Sometimes, we’ll even make an affirmative motion for summary judgment, asking the Court to grant judgment in favor of our client without a trial. These motions are generally rare for plaintiffs to make, because the defendant can usually point to some fact dispute on its intent or some other factor that necessitates a trial. But we make affirmative summary judgment motions significantly more than is typical for plaintiffs, and that’s because the work we put in during discovery helps build a fantastic record to do so.

After the Court denies the defense motion for summary judgment, the defendant has only 2 options: 1) do the right thing and pay you a fair amount to our client to settle your claim (usually much, much more at this point than the defendant could have paid at the beginning of the case to settle); or 2) face a jury for its conduct and risk an enormous verdict. This is the dilemma that we have been creating and forcing the defendant into for the entire case. We’ll engage in settlement negotiations at this point from a position of extreme strength, mainly because most defendants are (rightly) terrified of facing a jury to defend their conduct.
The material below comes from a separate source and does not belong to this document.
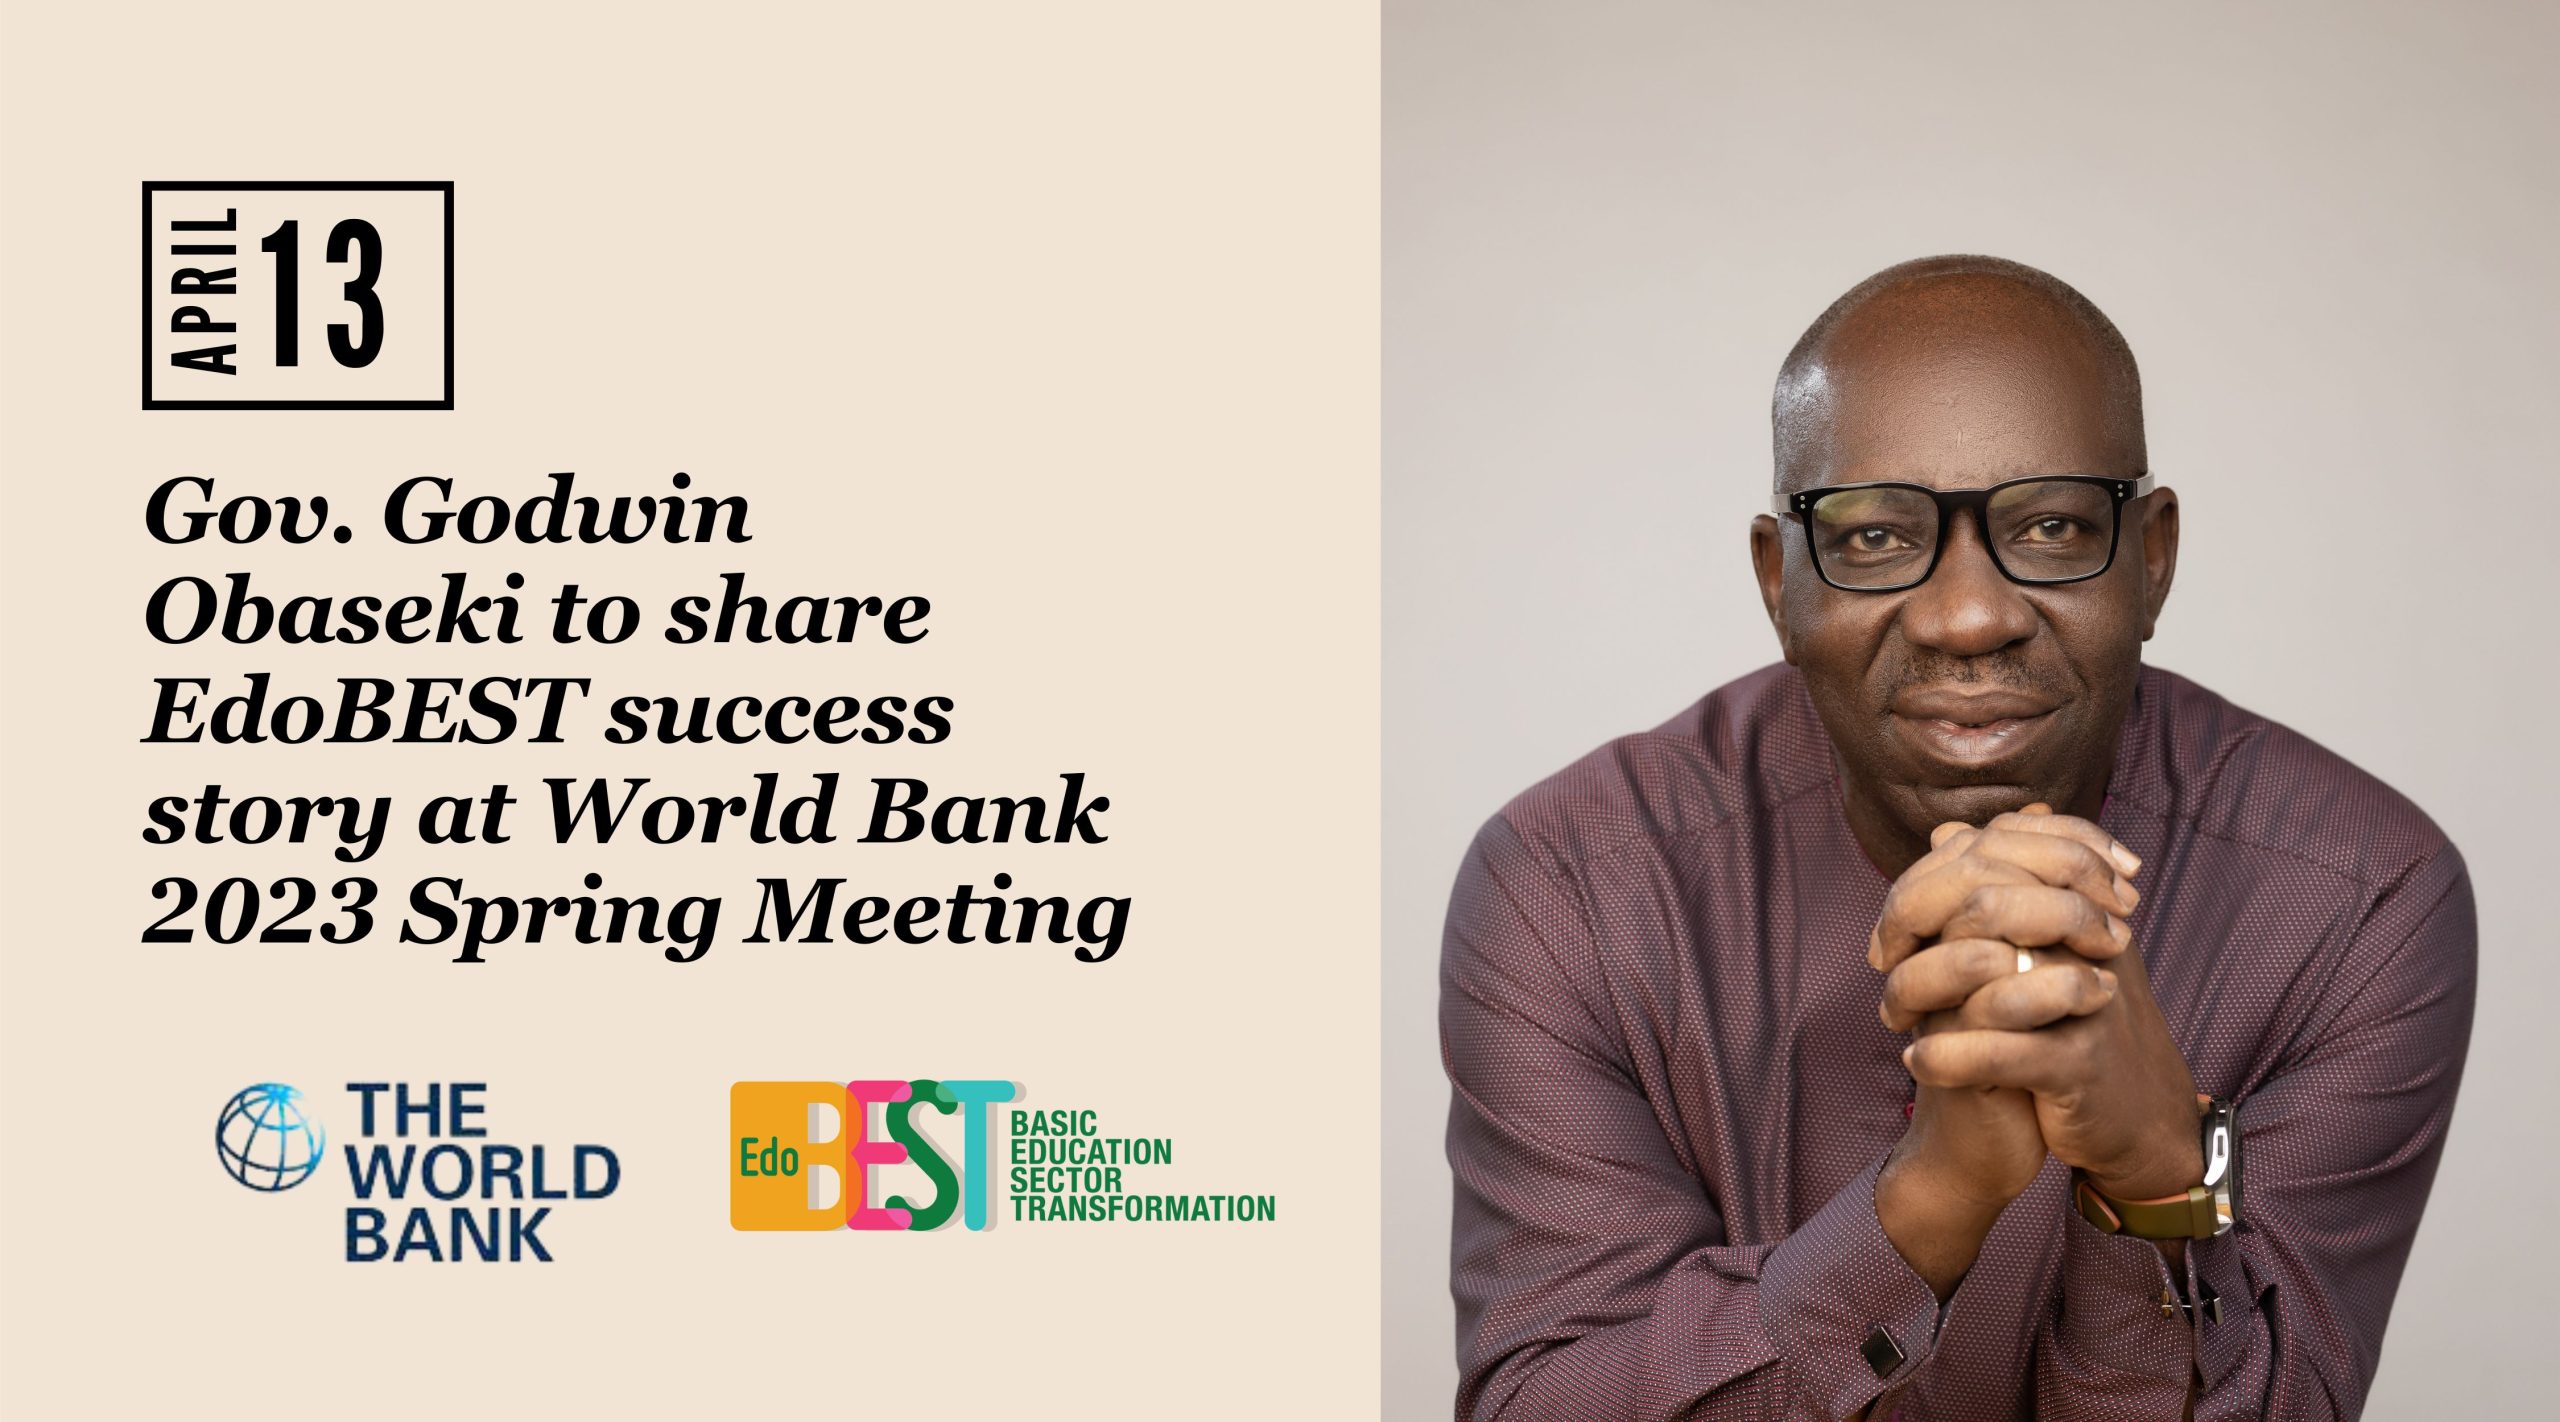 Poster featuring Governor Godwin Obaseki
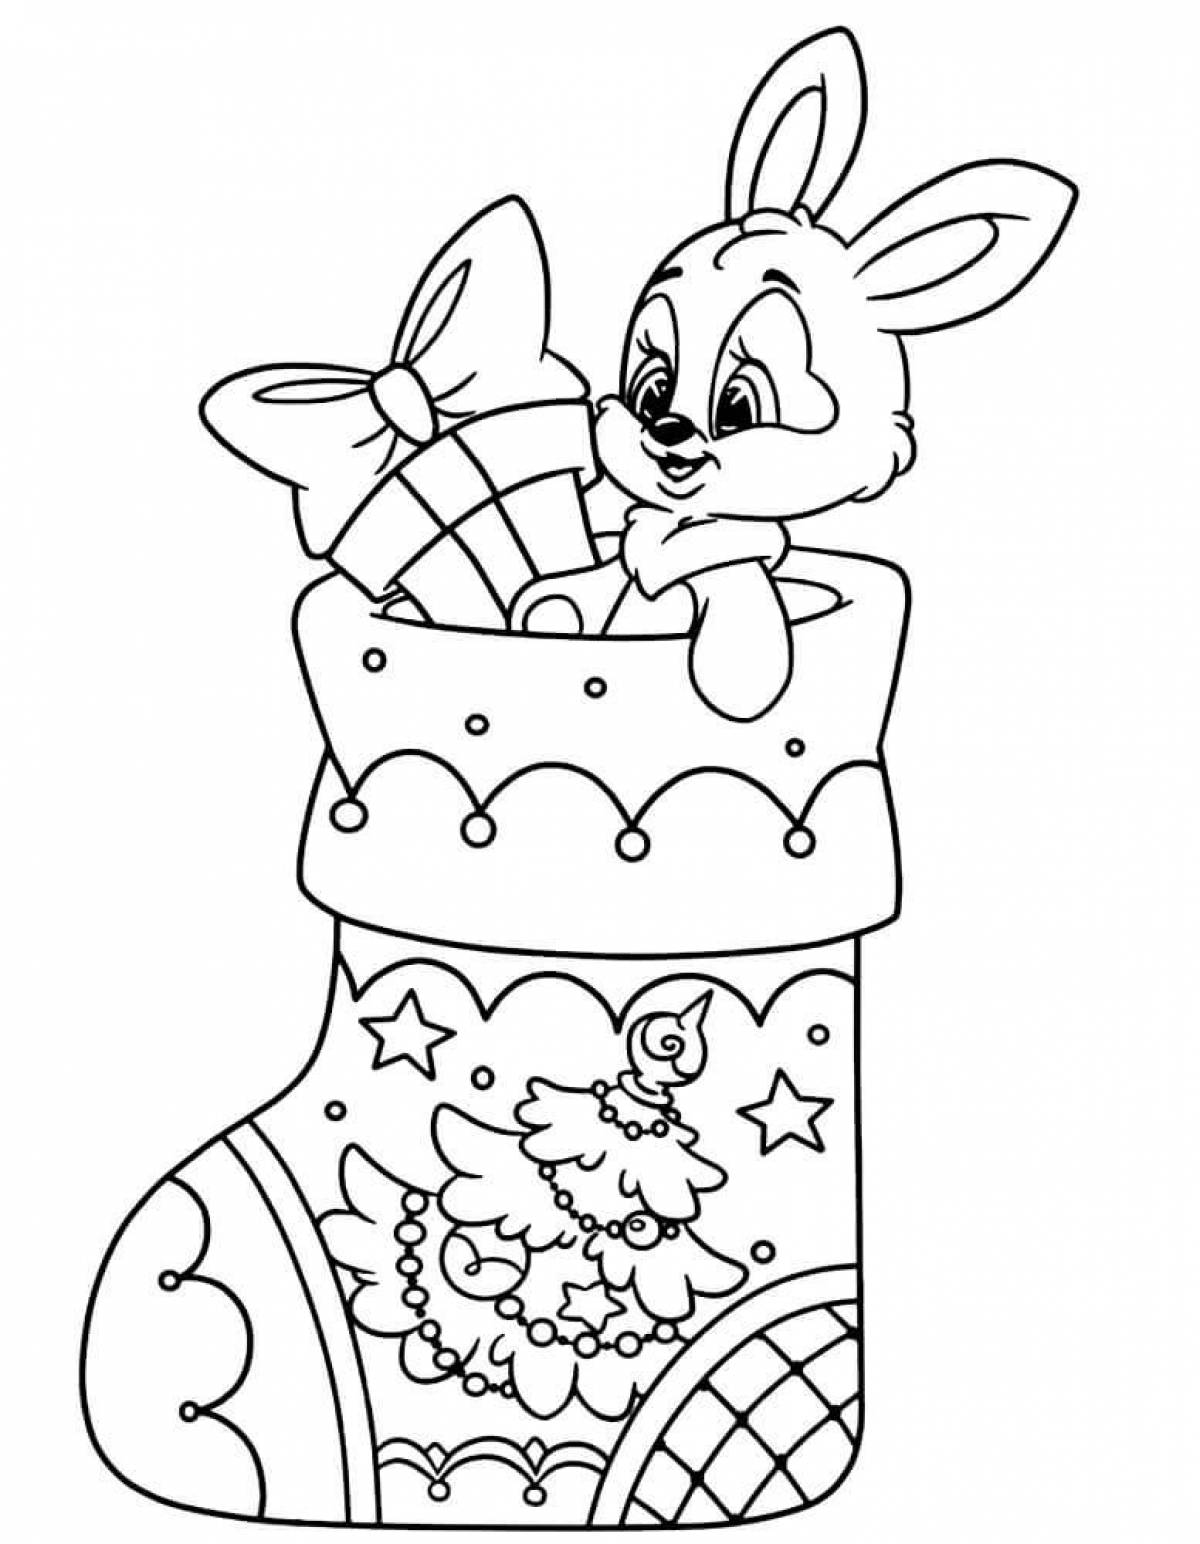 Glowing Christmas Bunny Coloring Page

This is, candidly, our favorite part of the case – why we went to law school: to hold the powerful accountable before juries.  We prepare heavily for trial, including: detailed witness preparation, focus groups, and mock trials.  At this point, the potential outcomes and consequences for the defendant are much more severe than if it simply did the right thing at the beginning of the case and paid a fair amount to compensate our client for its misconduct.  As we advocate to the jury for our client, we’re also mindful of protecting the record so that defendants will be unsuccessful in attacking the verdict in post-trial motions or appeal.